__Dataset records__
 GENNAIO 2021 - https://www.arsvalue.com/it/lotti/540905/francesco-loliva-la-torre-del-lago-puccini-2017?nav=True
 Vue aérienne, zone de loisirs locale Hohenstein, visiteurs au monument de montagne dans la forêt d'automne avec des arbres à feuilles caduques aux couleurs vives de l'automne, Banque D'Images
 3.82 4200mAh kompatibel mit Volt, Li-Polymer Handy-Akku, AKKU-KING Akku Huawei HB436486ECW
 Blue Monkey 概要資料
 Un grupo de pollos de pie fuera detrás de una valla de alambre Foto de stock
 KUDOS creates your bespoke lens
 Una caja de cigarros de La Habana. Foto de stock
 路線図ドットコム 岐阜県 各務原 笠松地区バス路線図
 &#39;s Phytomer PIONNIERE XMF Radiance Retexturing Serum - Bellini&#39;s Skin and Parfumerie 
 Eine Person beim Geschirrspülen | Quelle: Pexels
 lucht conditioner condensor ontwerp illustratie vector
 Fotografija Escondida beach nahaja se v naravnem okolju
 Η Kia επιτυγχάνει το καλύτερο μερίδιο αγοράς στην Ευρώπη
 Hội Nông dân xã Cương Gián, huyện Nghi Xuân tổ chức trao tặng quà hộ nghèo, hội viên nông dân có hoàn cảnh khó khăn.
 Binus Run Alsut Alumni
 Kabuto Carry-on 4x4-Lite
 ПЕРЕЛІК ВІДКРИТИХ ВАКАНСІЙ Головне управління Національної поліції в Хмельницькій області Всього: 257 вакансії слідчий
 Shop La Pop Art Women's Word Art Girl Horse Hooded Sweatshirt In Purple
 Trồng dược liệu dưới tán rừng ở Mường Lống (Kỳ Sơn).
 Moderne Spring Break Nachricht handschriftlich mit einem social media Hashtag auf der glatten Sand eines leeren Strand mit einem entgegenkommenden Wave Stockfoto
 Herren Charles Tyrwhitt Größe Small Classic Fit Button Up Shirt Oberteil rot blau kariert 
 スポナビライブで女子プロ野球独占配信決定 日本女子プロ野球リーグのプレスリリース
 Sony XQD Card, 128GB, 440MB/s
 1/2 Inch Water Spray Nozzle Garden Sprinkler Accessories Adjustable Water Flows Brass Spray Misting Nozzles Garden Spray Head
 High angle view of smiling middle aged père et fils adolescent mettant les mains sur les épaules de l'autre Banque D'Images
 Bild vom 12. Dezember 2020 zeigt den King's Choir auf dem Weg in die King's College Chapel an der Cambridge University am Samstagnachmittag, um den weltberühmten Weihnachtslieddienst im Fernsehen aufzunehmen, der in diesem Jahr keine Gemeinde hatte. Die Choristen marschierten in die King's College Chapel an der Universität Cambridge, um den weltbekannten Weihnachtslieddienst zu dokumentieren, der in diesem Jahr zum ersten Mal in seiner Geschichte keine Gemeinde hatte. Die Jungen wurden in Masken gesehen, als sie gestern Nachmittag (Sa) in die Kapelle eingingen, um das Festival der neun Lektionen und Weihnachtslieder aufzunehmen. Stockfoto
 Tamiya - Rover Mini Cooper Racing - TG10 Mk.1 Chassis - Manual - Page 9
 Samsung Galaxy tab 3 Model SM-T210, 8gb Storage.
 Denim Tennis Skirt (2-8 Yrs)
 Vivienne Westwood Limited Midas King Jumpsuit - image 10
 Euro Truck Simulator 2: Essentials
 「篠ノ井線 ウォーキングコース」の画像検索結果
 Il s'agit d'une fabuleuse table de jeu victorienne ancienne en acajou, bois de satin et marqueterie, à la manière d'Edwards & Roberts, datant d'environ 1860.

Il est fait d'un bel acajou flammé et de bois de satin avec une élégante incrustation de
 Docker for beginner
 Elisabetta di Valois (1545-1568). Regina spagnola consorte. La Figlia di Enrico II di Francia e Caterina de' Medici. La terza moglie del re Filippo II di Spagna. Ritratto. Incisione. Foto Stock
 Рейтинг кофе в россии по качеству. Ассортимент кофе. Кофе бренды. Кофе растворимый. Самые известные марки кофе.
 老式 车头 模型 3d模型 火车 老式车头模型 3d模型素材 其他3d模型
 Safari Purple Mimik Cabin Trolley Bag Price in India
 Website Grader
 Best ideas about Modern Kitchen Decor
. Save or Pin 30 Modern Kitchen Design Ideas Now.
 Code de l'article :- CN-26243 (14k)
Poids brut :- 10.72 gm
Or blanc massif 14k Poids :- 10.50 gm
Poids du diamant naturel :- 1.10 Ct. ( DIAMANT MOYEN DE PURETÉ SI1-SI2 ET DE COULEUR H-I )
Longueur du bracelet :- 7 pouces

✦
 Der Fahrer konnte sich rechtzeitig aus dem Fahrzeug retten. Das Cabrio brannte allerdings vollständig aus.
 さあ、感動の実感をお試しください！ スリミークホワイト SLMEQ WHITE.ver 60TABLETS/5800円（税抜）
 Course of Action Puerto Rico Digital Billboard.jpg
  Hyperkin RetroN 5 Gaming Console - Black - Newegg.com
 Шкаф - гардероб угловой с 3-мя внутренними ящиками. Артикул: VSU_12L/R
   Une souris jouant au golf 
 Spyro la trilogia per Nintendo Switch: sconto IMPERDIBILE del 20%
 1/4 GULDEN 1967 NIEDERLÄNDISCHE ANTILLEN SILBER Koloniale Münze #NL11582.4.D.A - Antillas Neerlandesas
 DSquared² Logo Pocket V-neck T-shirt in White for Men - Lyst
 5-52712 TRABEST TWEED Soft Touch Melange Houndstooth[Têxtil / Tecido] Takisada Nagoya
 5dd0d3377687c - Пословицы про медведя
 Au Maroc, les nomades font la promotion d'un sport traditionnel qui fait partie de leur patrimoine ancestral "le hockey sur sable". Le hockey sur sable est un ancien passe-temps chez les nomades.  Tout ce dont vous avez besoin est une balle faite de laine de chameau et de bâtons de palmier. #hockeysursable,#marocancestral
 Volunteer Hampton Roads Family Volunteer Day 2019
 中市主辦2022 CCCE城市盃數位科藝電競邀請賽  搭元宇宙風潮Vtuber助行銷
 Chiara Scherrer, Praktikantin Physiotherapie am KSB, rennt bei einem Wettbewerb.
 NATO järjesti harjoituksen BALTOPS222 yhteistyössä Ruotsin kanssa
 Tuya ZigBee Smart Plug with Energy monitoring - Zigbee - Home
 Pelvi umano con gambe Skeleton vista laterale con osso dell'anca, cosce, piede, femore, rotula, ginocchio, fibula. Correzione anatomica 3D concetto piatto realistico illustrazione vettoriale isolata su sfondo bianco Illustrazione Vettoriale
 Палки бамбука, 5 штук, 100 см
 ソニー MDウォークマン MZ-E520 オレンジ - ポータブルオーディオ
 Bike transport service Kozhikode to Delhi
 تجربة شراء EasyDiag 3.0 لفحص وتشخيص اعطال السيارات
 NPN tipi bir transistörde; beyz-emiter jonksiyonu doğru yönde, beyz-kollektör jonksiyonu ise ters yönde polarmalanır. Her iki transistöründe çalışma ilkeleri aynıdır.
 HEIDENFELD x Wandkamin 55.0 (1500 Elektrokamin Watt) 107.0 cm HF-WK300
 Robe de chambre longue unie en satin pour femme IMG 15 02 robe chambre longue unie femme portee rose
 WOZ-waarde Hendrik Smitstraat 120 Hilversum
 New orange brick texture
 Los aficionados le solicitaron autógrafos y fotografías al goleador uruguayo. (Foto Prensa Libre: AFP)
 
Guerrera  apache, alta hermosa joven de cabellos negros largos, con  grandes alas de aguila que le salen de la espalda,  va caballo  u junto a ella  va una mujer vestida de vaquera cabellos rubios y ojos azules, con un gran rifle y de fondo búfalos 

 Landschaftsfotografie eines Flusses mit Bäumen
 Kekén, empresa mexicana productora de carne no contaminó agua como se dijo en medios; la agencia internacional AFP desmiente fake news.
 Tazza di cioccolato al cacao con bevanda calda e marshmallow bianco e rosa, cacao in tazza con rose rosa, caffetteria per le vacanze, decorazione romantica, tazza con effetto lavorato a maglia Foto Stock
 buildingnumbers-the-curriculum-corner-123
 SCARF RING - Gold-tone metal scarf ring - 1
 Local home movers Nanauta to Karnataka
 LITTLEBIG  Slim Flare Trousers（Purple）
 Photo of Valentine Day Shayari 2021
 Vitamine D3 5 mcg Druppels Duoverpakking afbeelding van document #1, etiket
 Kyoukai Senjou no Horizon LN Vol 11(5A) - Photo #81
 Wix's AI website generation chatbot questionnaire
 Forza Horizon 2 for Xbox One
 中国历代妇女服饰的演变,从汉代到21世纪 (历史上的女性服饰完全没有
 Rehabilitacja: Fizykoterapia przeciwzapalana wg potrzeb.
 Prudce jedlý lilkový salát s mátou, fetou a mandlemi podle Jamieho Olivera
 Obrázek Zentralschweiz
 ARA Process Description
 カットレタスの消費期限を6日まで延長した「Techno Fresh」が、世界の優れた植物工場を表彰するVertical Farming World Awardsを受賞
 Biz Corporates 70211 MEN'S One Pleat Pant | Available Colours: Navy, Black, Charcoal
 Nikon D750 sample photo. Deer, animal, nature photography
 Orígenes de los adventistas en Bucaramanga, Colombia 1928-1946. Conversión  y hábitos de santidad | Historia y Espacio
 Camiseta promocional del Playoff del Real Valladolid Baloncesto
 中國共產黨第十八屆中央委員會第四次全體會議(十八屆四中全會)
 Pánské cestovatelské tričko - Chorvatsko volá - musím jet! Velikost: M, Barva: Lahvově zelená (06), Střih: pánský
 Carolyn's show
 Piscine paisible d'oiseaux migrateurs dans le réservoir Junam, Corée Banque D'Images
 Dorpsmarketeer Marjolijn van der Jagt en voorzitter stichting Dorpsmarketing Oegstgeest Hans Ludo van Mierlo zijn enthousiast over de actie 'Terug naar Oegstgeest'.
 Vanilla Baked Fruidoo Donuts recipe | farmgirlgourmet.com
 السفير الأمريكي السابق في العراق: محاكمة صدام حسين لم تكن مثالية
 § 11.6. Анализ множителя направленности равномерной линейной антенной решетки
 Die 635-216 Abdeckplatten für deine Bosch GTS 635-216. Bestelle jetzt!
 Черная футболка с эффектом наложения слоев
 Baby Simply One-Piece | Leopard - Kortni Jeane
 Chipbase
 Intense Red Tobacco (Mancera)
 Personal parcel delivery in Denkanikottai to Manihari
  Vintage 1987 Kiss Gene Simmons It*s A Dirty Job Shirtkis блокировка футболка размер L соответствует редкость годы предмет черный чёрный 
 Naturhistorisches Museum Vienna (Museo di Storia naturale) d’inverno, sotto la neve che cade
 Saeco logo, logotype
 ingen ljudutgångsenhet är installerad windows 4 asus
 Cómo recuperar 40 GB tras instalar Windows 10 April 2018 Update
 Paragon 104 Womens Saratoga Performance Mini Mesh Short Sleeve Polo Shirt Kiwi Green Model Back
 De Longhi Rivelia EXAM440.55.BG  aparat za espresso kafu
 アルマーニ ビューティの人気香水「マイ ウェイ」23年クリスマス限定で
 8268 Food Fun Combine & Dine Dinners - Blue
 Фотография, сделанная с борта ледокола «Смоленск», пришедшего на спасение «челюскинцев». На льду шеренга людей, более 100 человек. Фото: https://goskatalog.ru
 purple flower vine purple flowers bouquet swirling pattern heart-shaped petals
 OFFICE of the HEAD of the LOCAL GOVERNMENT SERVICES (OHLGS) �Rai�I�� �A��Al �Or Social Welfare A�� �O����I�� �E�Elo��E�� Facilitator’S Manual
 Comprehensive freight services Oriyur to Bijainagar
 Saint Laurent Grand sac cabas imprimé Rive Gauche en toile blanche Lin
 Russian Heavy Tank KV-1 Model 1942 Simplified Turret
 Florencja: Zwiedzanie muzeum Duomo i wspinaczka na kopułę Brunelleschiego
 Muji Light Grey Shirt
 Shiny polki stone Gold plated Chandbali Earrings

__Exercise instructions__
Could you repeat exactly the lines above from the line with "アルマーニ ビューティの人気香水「マイ ウェイ」23年クリスマス限定で" up to and including the line with "Saint Laurent Grand", and only those?

__Answer to this task__
 アルマーニ ビューティの人気香水「マイ ウェイ」23年クリスマス限定で
 8268 Food Fun Combine & Dine Dinners - Blue
 Фотография, сделанная с борта ледокола «Смоленск», пришедшего на спасение «челюскинцев». На льду шеренга людей, более 100 человек. Фото: https://goskatalog.ru
 purple flower vine purple flowers bouquet swirling pattern heart-shaped petals
 OFFICE of the HEAD of the LOCAL GOVERNMENT SERVICES (OHLGS) �Rai�I�� �A��Al �Or Social Welfare A�� �O����I�� �E�Elo��E�� Facilitator’S Manual
 Comprehensive freight services Oriyur to Bijainagar
 Saint Laurent Grand sac cabas imprimé Rive Gauche en toile blanche Lin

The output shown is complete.